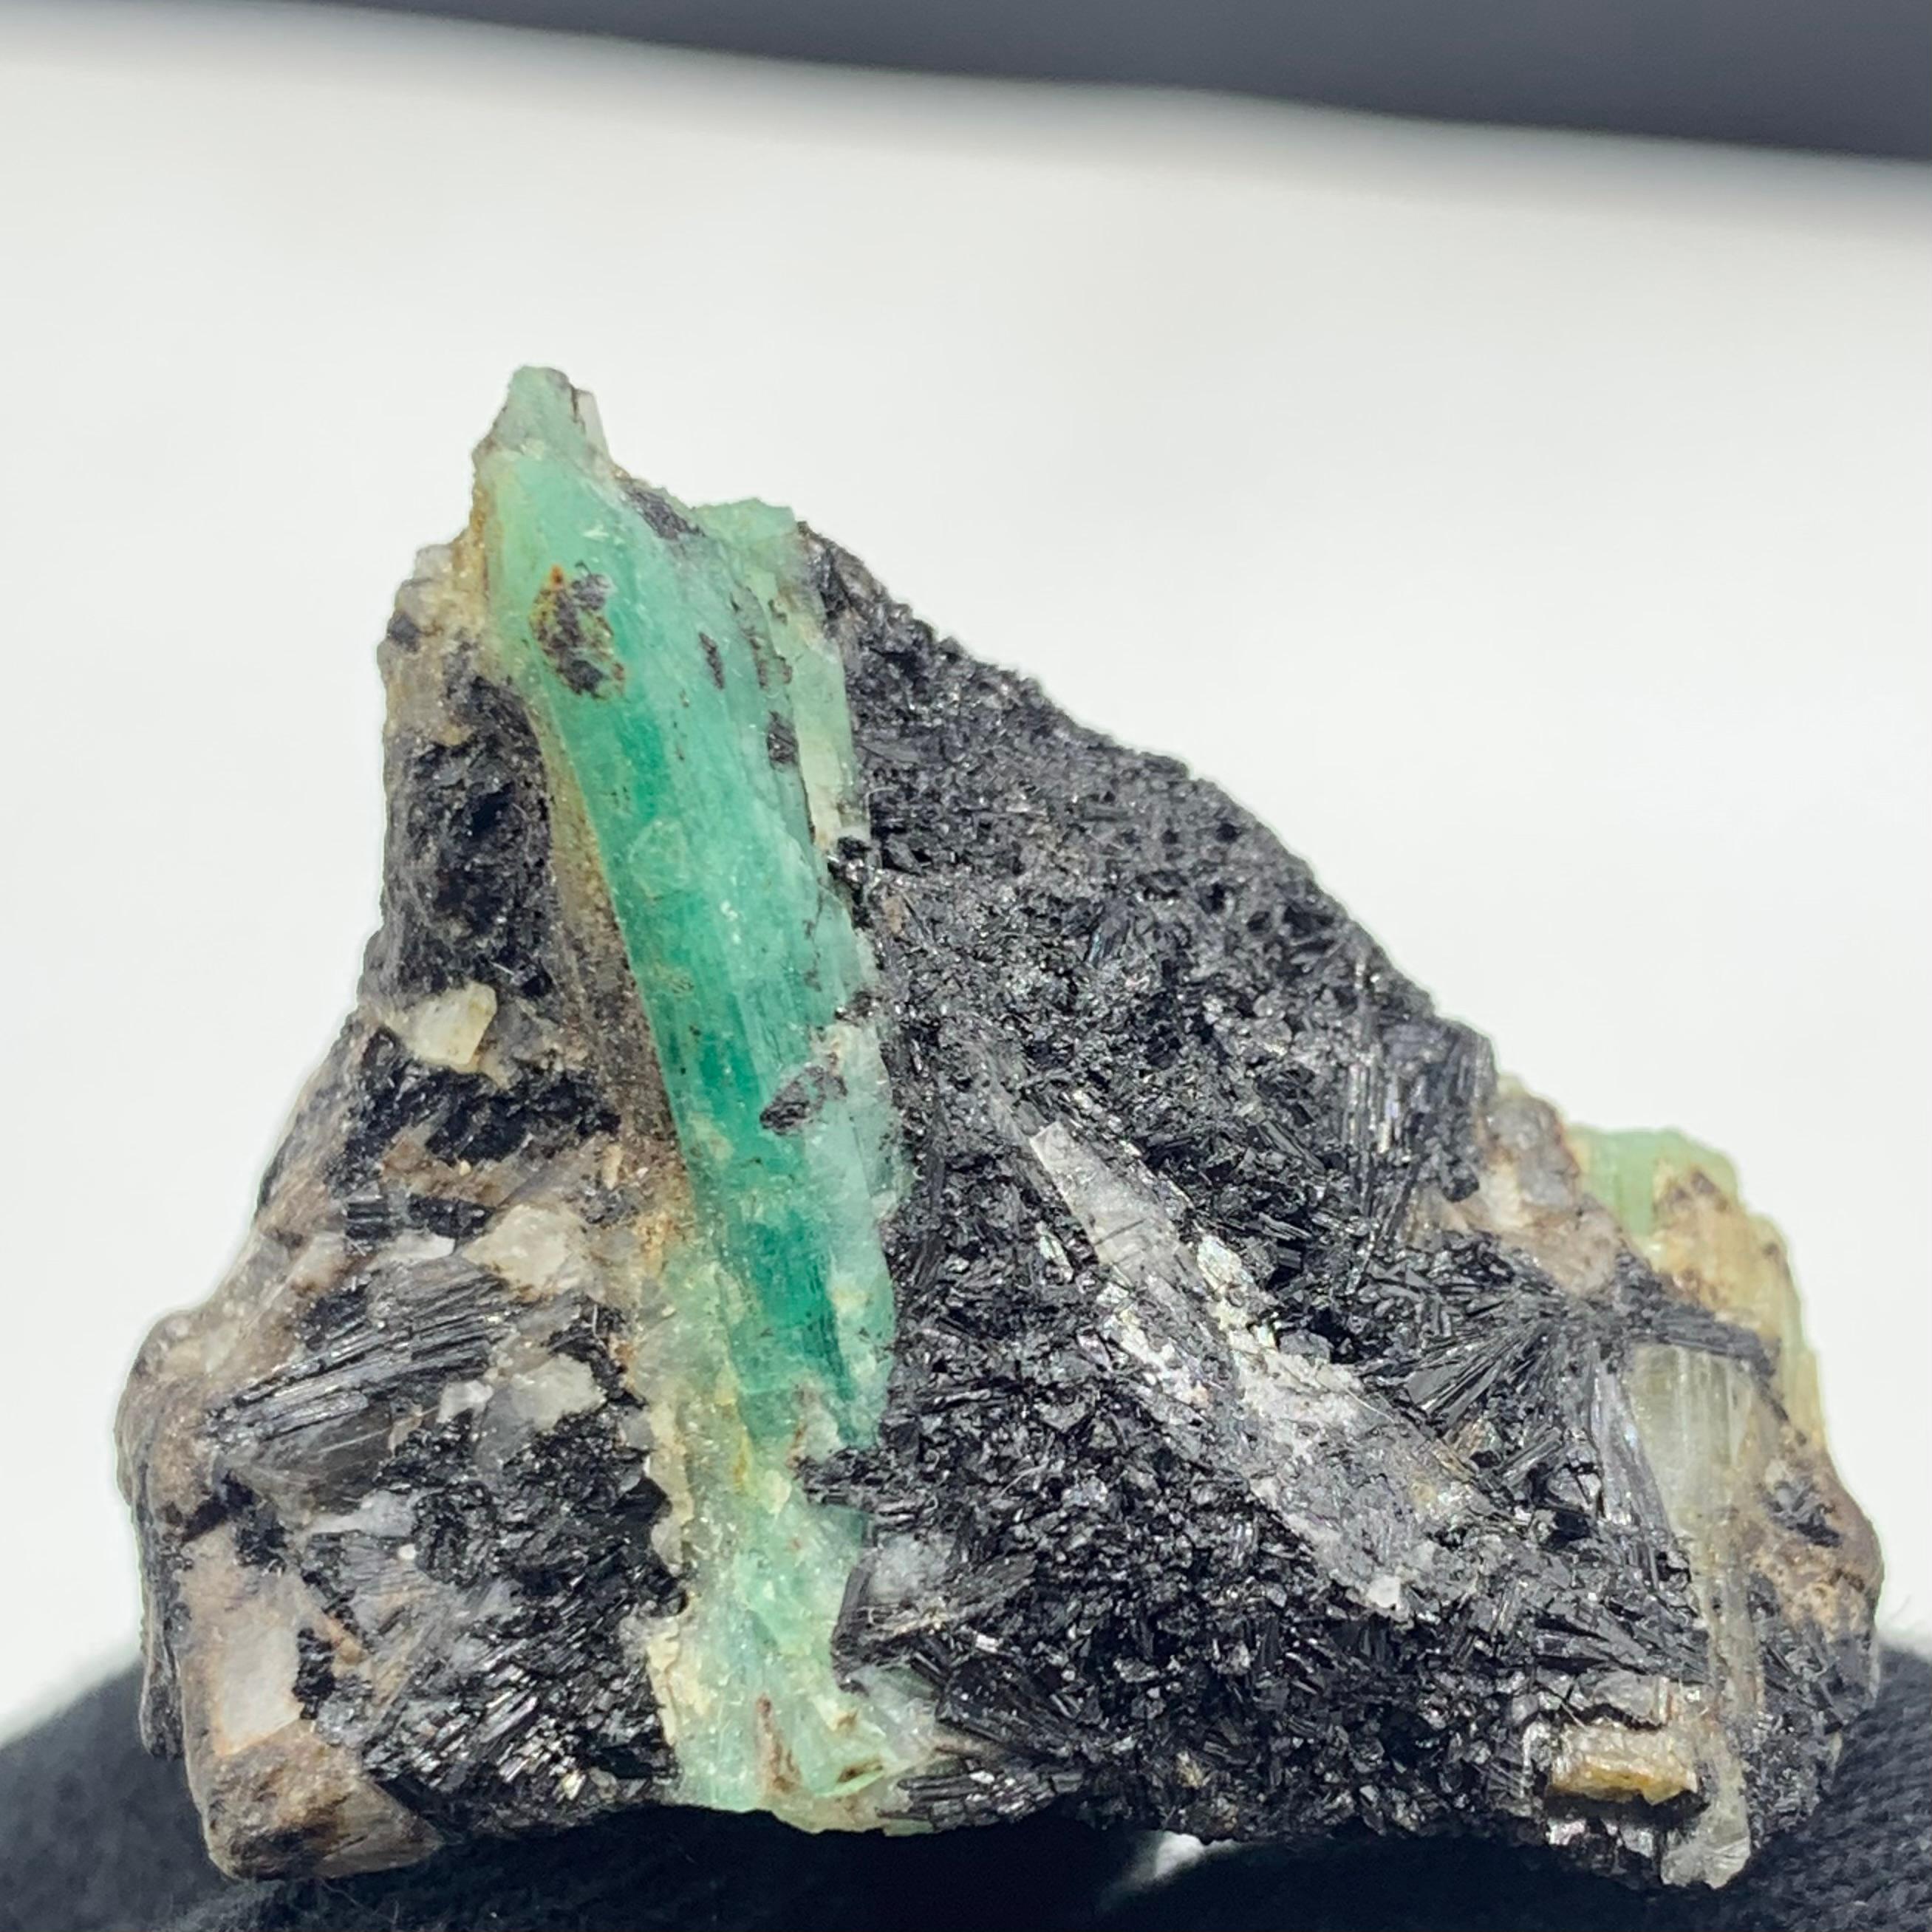 31.50 Gram Gorgeous Emerald Specimen From Chitral, Pakistan 

Weight: 31.50 Gram 
Dimension: 3.1 x 3.9 x 2.5 Cm
Origin: Chitral, Khyber Pukhtunkhuwa Province, Pakistan 

Emerald has the chemical composition Be3Al2(SiO3)6 and is classified as a
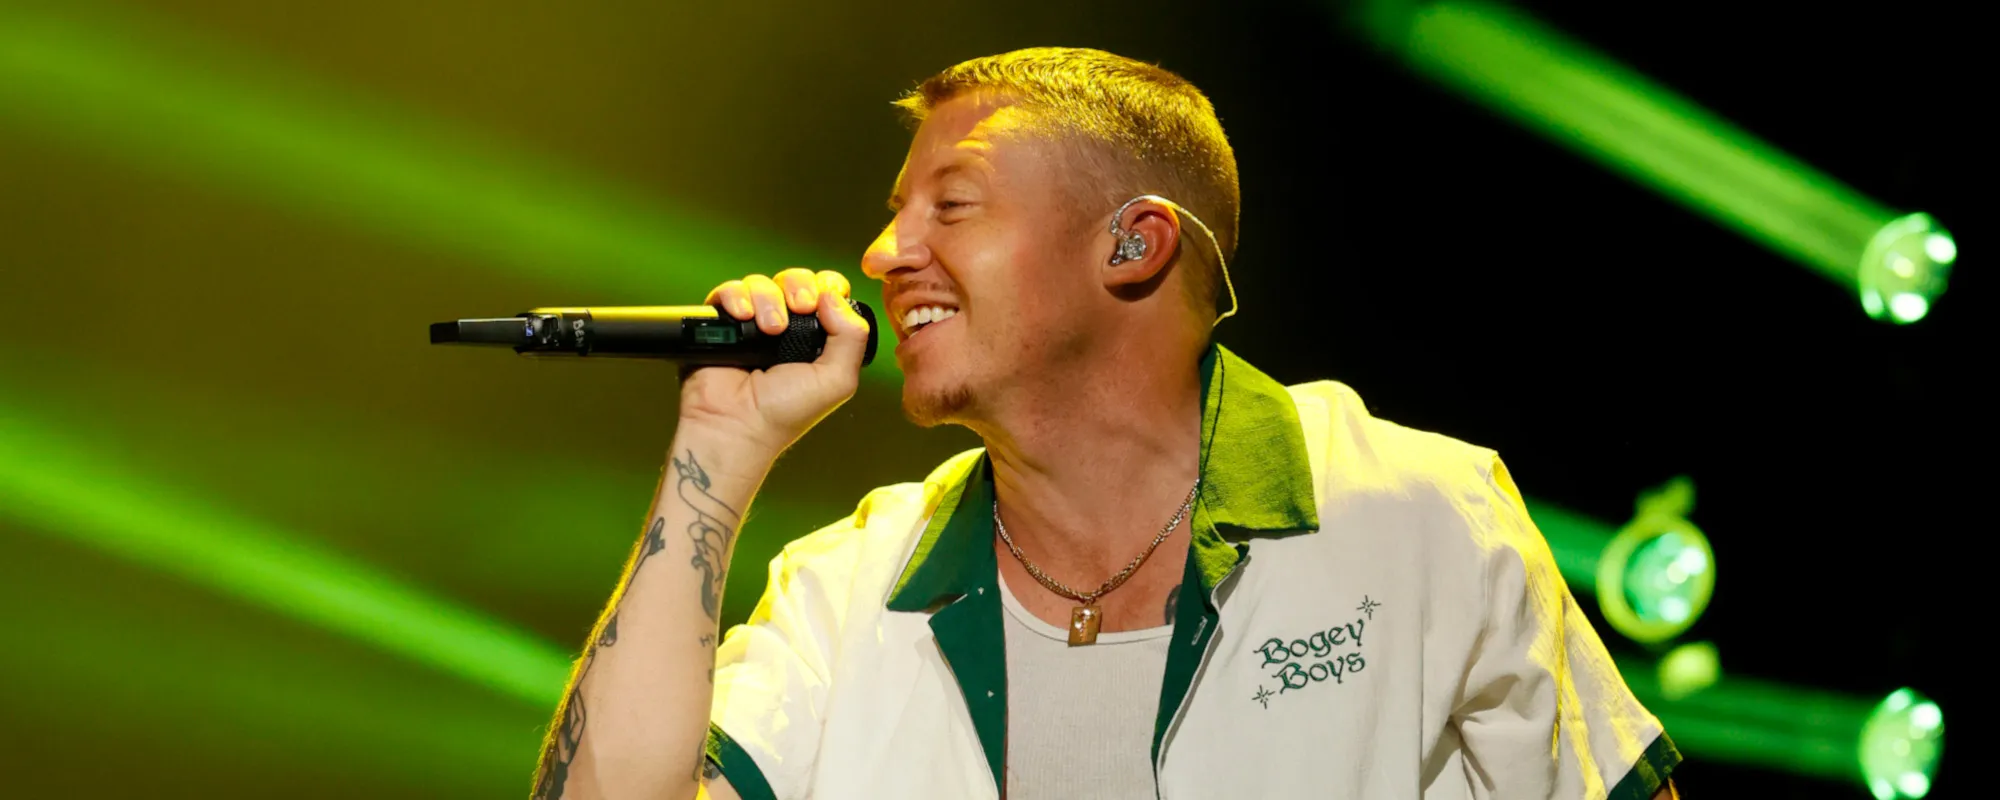 Macklemore Shares Live Video For “Next Year” Shot in Downtown Seattle

• Exercise brief: Set the records down again exactly as given, and leave the pictures out.

• Answer to this task:
 31.50 Gram Gorgeous Emerald Specimen From Chitral, Pakistan 

Weight: 31.50 Gram 
Dimension: 3.1 x 3.9 x 2.5 Cm
Origin: Chitral, Khyber Pukhtunkhuwa Province, Pakistan 

Emerald has the chemical composition Be3Al2(SiO3)6 and is classified as a
 Macklemore Shares Live Video For “Next Year” Shot in Downtown Seattle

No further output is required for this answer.